R defines the negative binomial distribution a bit differently; it only counts the number of 
$\fbox{0}$s that were drawn, rather than the total number of draws. So we have to remember to 
subtract the $r=10$ $\fbox{1}$s from the total number of draws before passing the values to `dnbinom` or `pnbinom`.
```{r}
probs <- dnbinom((10:40) - 10 , size=10, prob=0.15)
1 - sum(probs)
```

We can also use the c.d.f. function:
```{r}
1 - pnbinom(40 - 10, size=10, prob=0.15)
```

You can play around with the R code in [this Colab notebook](https://colab.research.google.com/github/dlsun/probability/blob/master/colabs/r/Calculating_NegBinom_Probabilities.ipynb). 


## Essential Practice {-}

1. Complete the sentence: The geometric distribution is a special case of the negative binomial distribution where $r=$ _____.
2. Calculate the following probabilities. 

    (A) You toss a coin 4 times. The probability that you get (exactly) 2 heads.
    
    (B) You toss a coin until you get 2 heads.
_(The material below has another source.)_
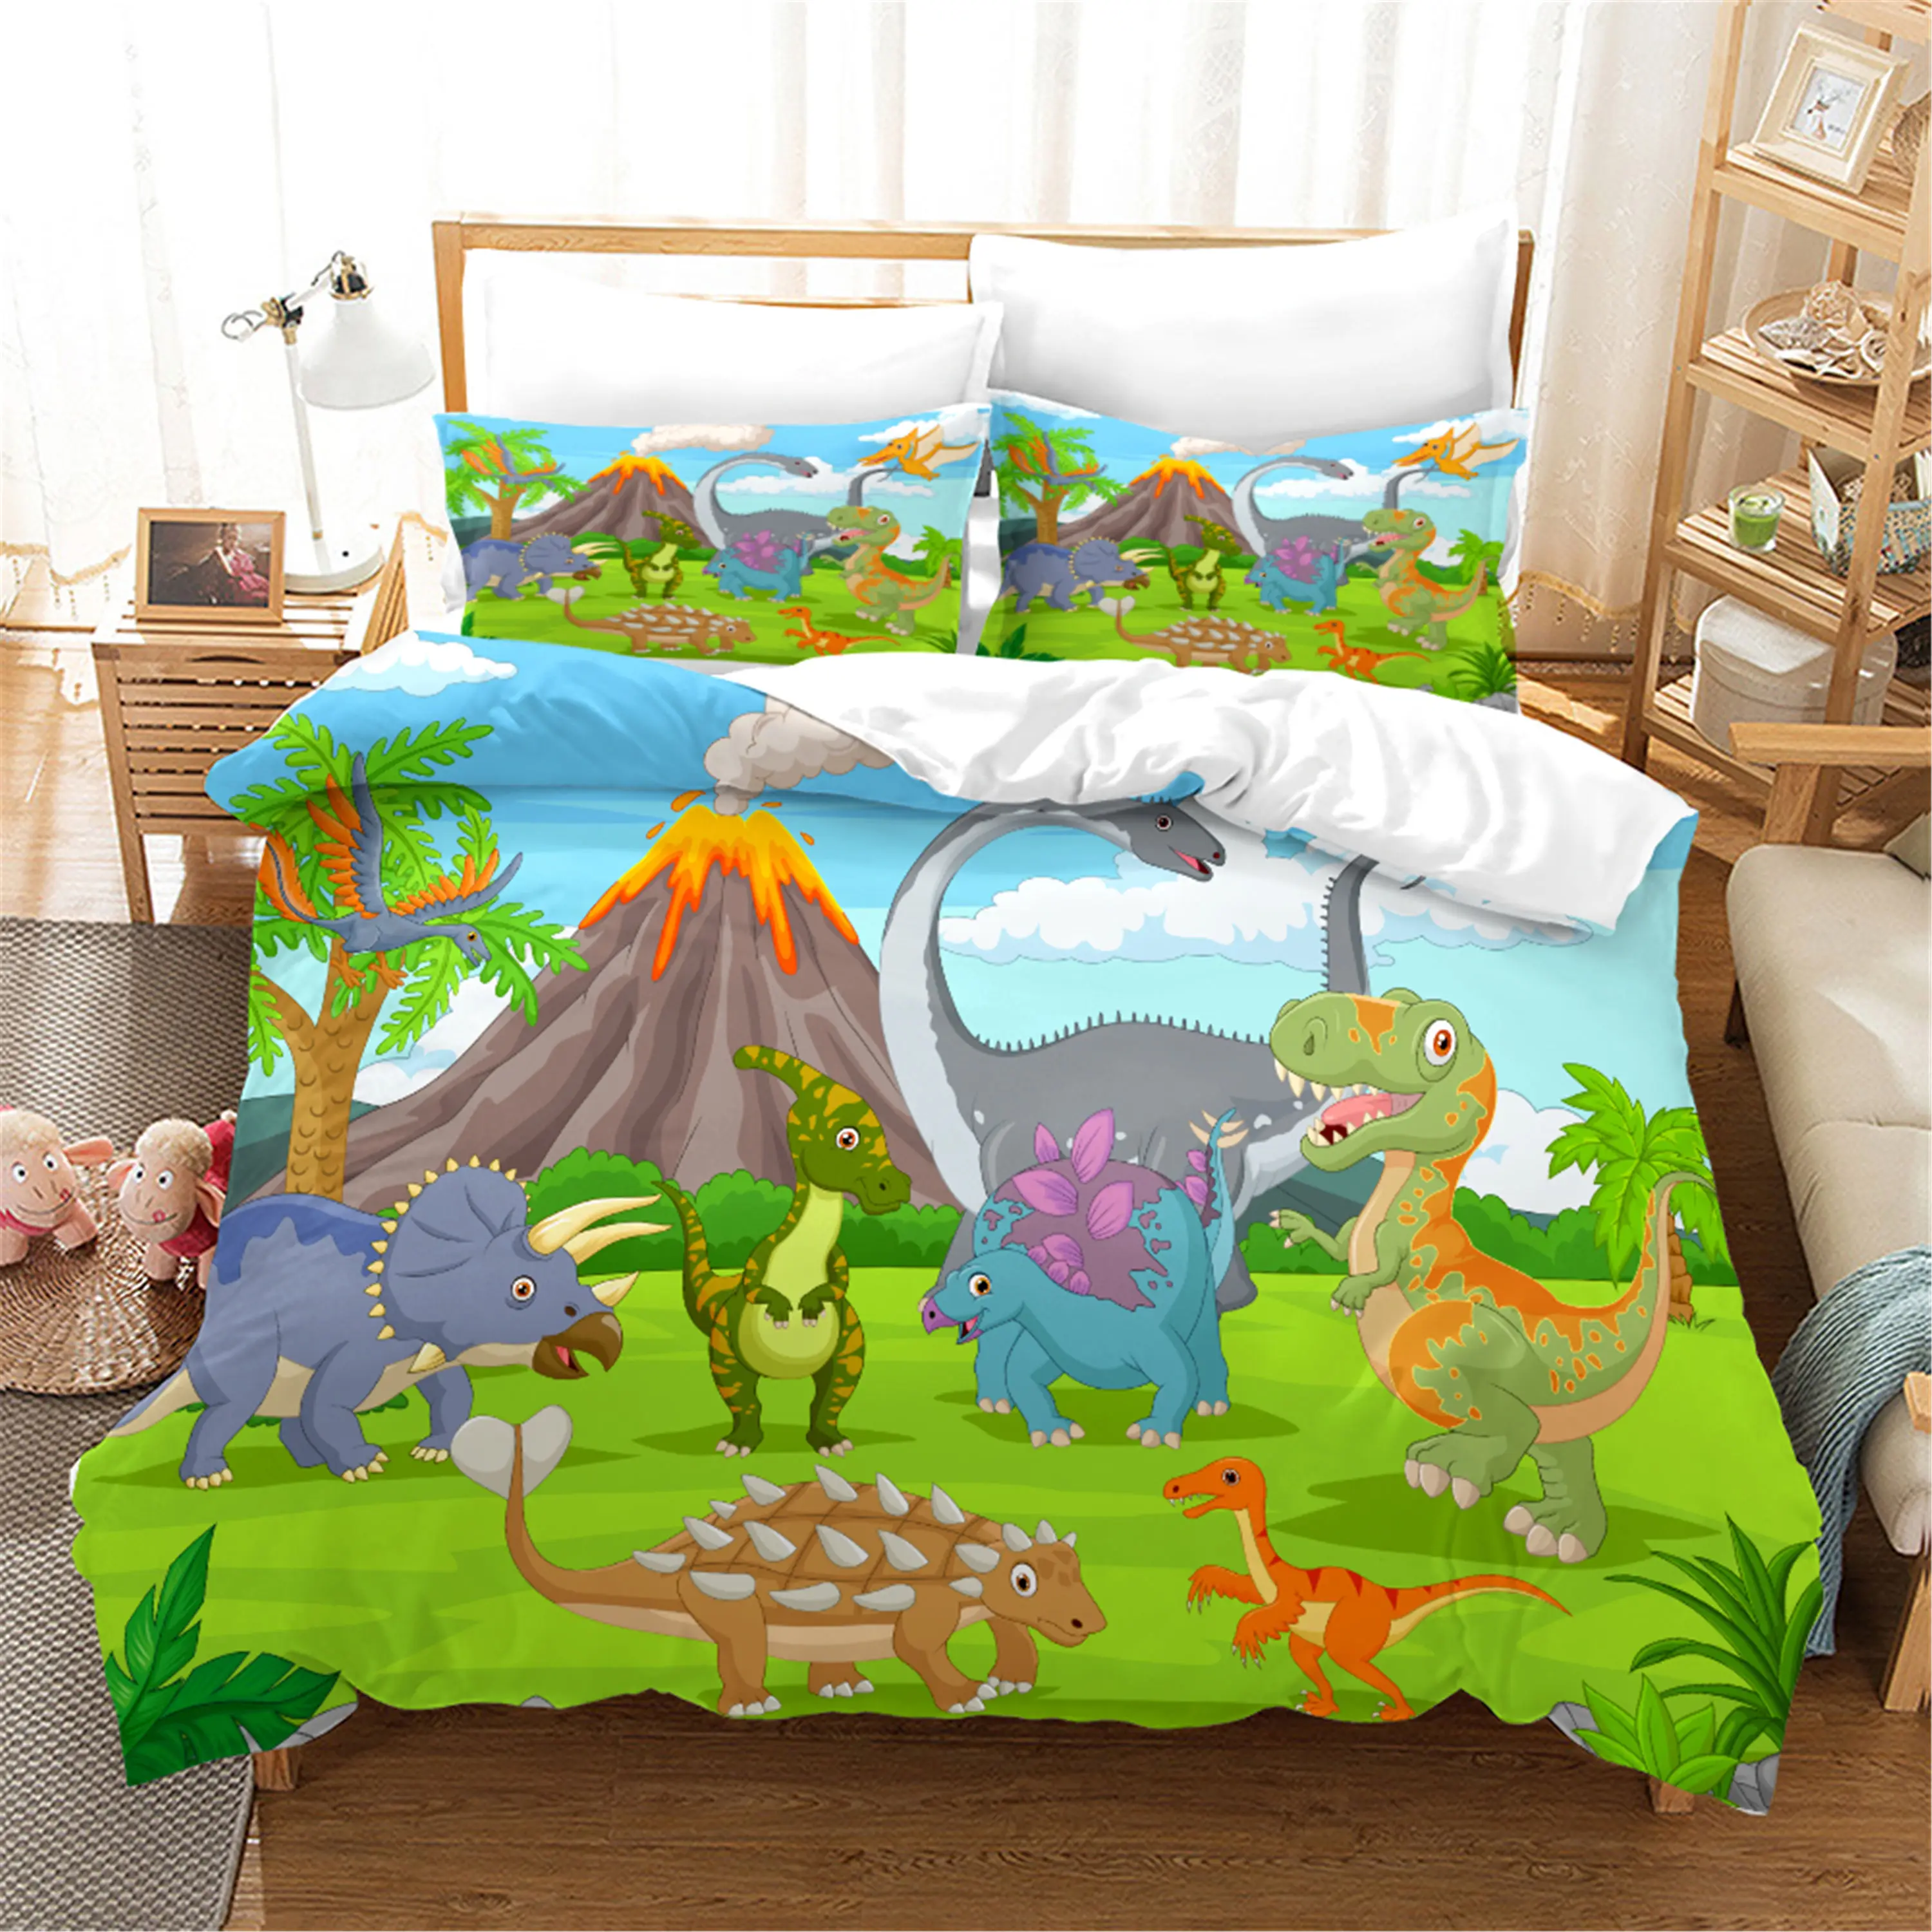 

Printed Duvet Cover Bedclothes 2/3pcs Home Textiles Luxury High Quality Bedspread Queen Size Cartoon Cute Bedding Set Dinosaur

The probability that it takes (exactly) 4 tosses.
    
    Which is larger? Explain why the answer makes intuitive sense.
3. In Major League Baseball's Home Run Derby, each contestant is allowed to keep swinging the bat until they have made 10 "outs". 
(An "out" is anything that is not a home run.) If Barry Bonds has a 70% chance of hitting a home run on any given swing, what is the 
probability that he hits at least 10 home runs before his turn is up?

## Additional Exercises {-}

1. A medical researcher is recruiting 20 subjects for a study on an experimental drug for COVID-19. Each person that she interviews 
has a 60% chance of being eligible to participate in the study. What is the probability that she will have to interview more than 
40 people?
2. Your coach tells you that you cannot leave basketball practice until you have made at least $20$ free throws. If you free throw probability is $80\%$, find the probability that you are out of practice after taking an even amount of free throws.
3. You have two coins. One coin is a fair coin with a $.5$ probability of landing on heads. The other coin is a biased coin with a $.25$ probability of landing on heads. You pick one of these two coins at random, and begin flipping until you get $5$ heads. It takes you $12$ flips in order to get your $5$ heads. What is the probability that the coin you picked was the fair coin? What is the probability you picked the biased coin?